Search code examples
pythonregexemailgmail-imapimaplib

How to scrape a link from a multipart email in python


I have a program which logs on to a specified gmail account and gets all the emails in a selected inbox that were sent from an email that you input at runtime.

I would like to be able to grab all the links from each email and append them to a list so that i can then filter out the ones i don't need before outputting them to another file. I was using a regex to do this which requires me to convert the payload to a string. The problem is that the regex i am using doesn't work for findall(), it only works when i use search() (I am not too familiar with regexes). I was wondering if there was a better way to extract all links from an email that doesn't involve me messing around with regexes?

My code currently looks like this:

print(f'[{Mail.timestamp}] Scanning inbox')
sys.stdout.write(Style.RESET)
self.search_mail_status, self.amount_matching_criteria = self.login_session.search(Mail.CHARSET,search_criteria)

if self.amount_matching_criteria == 0 or self.amount_matching_criteria == '0':
    print(f'[{Mail.timestamp}] No mails from that email address could be found...')
    Mail.enter_to_continue()
    import main
    main.main_wrapper()
else:
    pattern = '(?P<url>https?://[^\s]+)'
    prog = re.compile(pattern)

    self.amount_matching_criteria = self.amount_matching_criteria[0]
    self.amount_matching_criteria_str = str(self.amount_matching_criteria)
    num_mails = re.search(r"\d.+",self.amount_matching_criteria_str)
    num_mails = ((num_mails.group())[:-1]).split(' ')

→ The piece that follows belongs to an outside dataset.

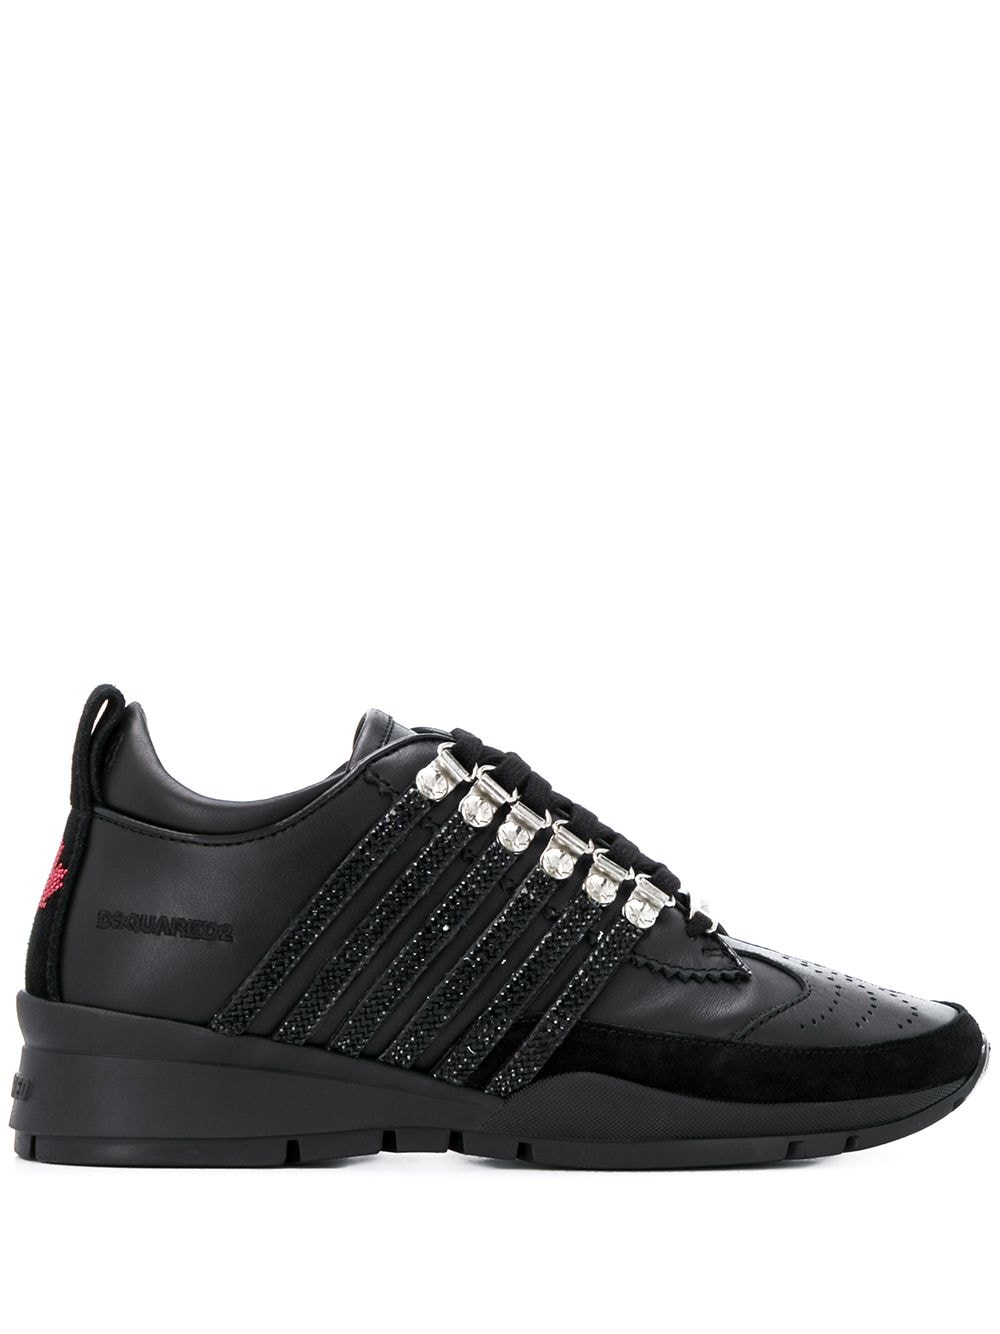 Dsquared2 Glitter Embellished 251 Trainers In Black
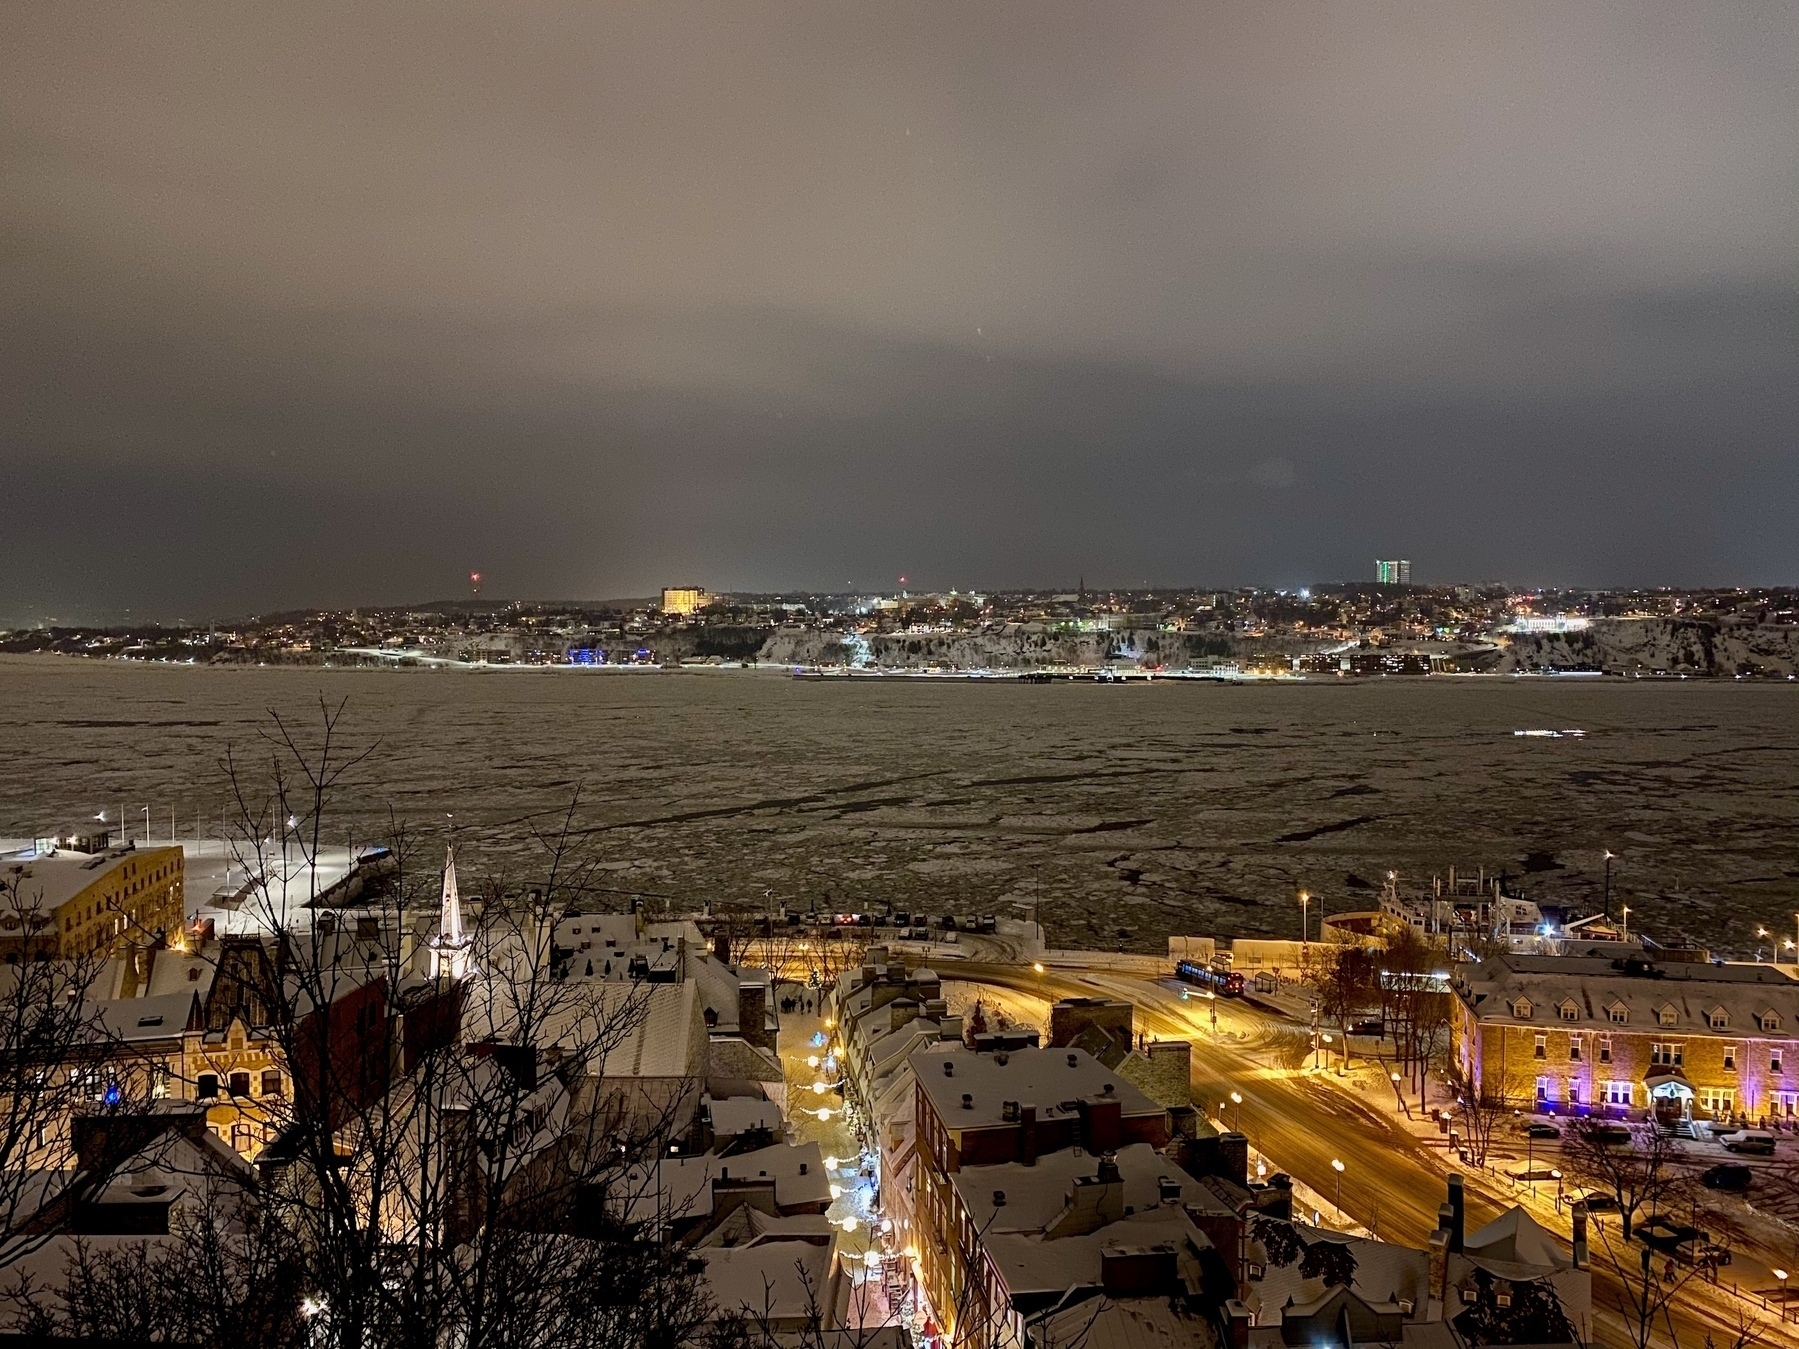 View of the St. Lawrence River, with ice chunks occupying most of the surface, at night, with houses covered in snow and streets with lights at the bottom of the picture. On the upper part of the picture, across the river, lights can be seen up and down a bluff, with a few well-light buildings prominent in the cloudy night sky.

    sys.stdout.write(Style.GREEN)
    print(f'[{Mail.timestamp}] Status code of {self.search_mail_status}')
    sys.stdout.write(Style.RESET)
    sys.stdout.write(Style.YELLOW)
    print(f'[{Mail.timestamp}] Found {len(num_mails)} emails')
    sys.stdout.write(Style.RESET)
    num_mails = self.amount_matching_criteria.split()
    for message_num in num_mails:
        individual_response_code, individual_response_data = self.login_session.fetch(message_num, '(RFC822)')
        message = email.message_from_bytes(individual_response_data[0][1])
        if message.is_multipart():
            print('multipart')

            multipart_payload = message.get_payload()
            for sub_message in multipart_payload:
                string_payload = str(sub_message.get_payload())
                print(prog.search(string_payload).group("url"))

Solution

  • Ended up using this for loop with a recursive function and a regex to get the links, i then removed all links without a the substring that you can input earlier on in the program before appending to a set

    for message_num in self.amount_matching_criteria.split():
        counter += 1
        _, self.individual_response_data = self.login_session.fetch(message_num, '(RFC822)')
        self.raw = email.message_from_bytes(self.individual_response_data[0][1])
        raw = self.raw
        self.scraped_email_value = email.message_from_bytes(Mail.scrape_email(raw))
        self.scraped_email_value = str(self.scraped_email_value)
        self.returned_links = prog.findall(self.scraped_email_value)
                      
        for i in self.returned_links:
        if self.substring_filter in i:
            self.link_set.add(i)
        self.timestamp = time.strftime('%H:%M:%S')
        print(f'[{self.timestamp}] Links scraped: [{counter}/{len(num_mails)}]')
    

    The function used:

    def scrape_email(raw):
            
        if raw.is_multipart():
            return Mail.scrape_email(raw.get_payload(0))
        else:
            return raw.get_payload(None,True)